|Title|Prevent search engines from locking pages
|Date|25-Apr-2005 21:53:48 EEST
|JSPWiki version|2.2
|[Idea Category]|GenericIdea

Sorry, haven't really found a relevant location for this, so I'm putting it here.  (fyi, the site search fails almost all of the time on "robots.txt")

By subscribing to my rss feed I was finding that robots were hitting the edit page for every single page on the site, causing the pages to be locked at random times (also causing the rss feed to update when nothing of significance had really happened).

Might I suggest that in the default installation of jspwiki that you include a robots.txt that has the contents:

User-Agent: *\\
Deny: /wiki/Edit.jsp
This doesn't really help: robots.txt is read only from the webserver root directory, therefor in typical JSPWiki installations the default file would be located in /JSPWiki/robots.txt or, like in your example, /wiki/robots.txt.

These files will never be read by robots and are useless.

What would help with this issue is (using 2.0 container authentication) to protect Edit.jsp and force login first (maybe with a standard login displayed on the login page) or replacing the "Edit this page" Link with a small form with submit-button as robots usually don't submit forms during site traversal. This should be fairly simple and is probably a [template|ContributedTemplate] issue.

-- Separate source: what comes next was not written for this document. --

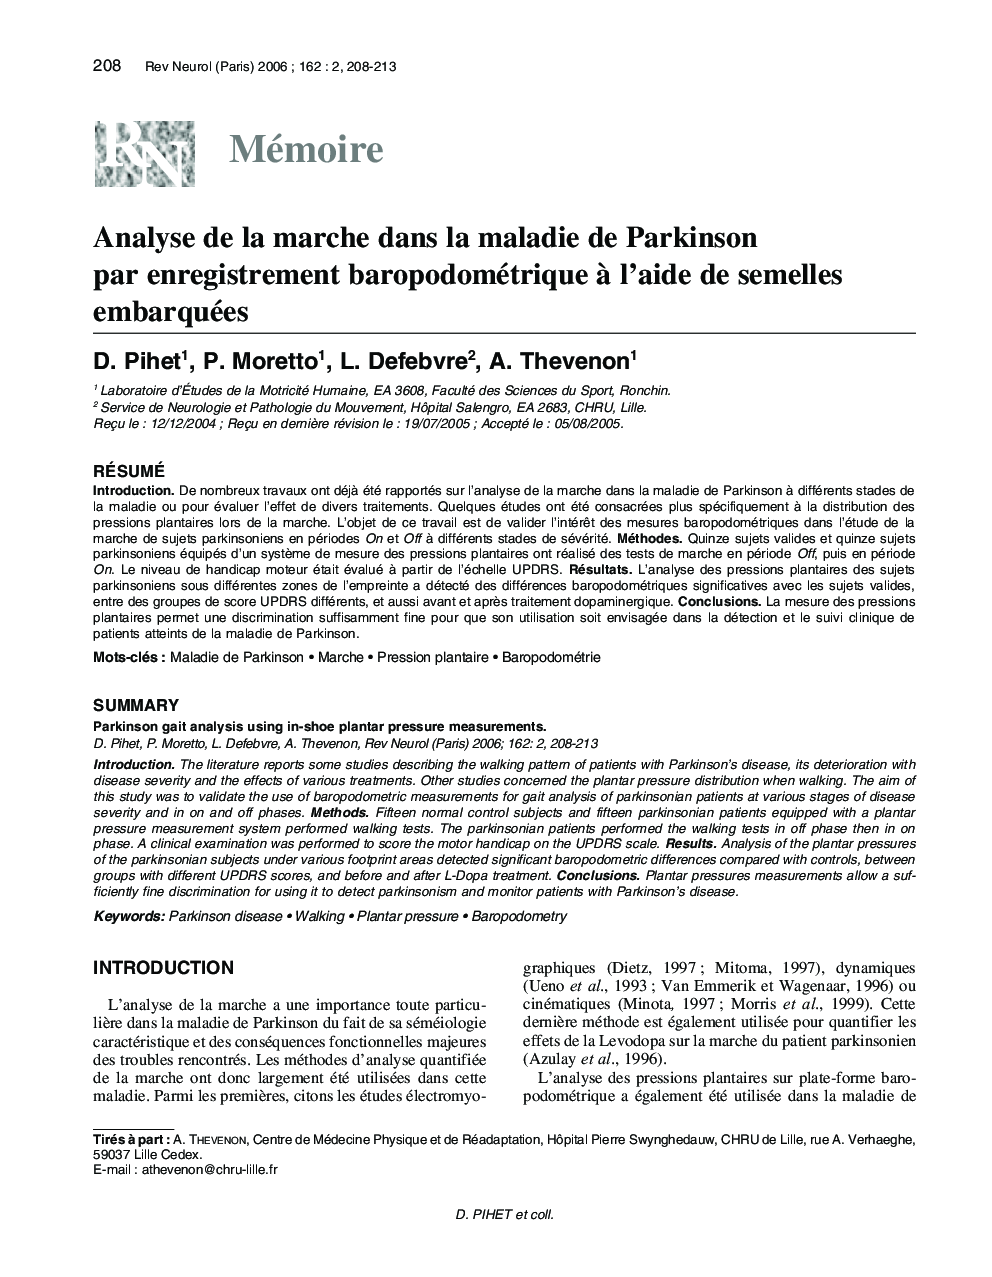 Analyse de la marche dans la maladie de Parkinson par enregistrement baropodométrique Ã  l'aide de semelles embarquées

I agree.  This is something that should be done in the templates.  The other possibility is to use JavaScript in the default template to write the edit link, which should be rendered by the browsers, but ignored by the bots.  However, this is not a very accessibility-friendly solution.

-- JanneJalkanen


Maybe just a note in the documentation? ("If you don't want spiders locking your pages all the time, do this...")

-- [MarkBeeson|http://markbeeson.net/]

I agree with Olaf and Janne. Here's the rationale, direct from the [HTTP spec (RFC 2616)|http://www.w3.org/Protocols/rfc2616/rfc2616-sec9.html#sec9.1.1], which says:

''...the convention has been established that the GET and HEAD methods SHOULD NOT have the significance of taking an action other than retrieval. These methods ought to be considered "safe".''

That restriction is in the spec precisely to prevent problems like this. Ideally, if the ''Edit'' action is going to lock a page, it should only be accessible by POST (which in HTML means a form and a submit button, not a regular link). In conjunction with that change, you could make Edit.jsp only lock the page if it was accessed via HTTP POST. That way, any HTML links that remain (in old templates for example) won't cause the problem. I haven't looked at the code to see how easy or hard this might be to do.

-- JimAncona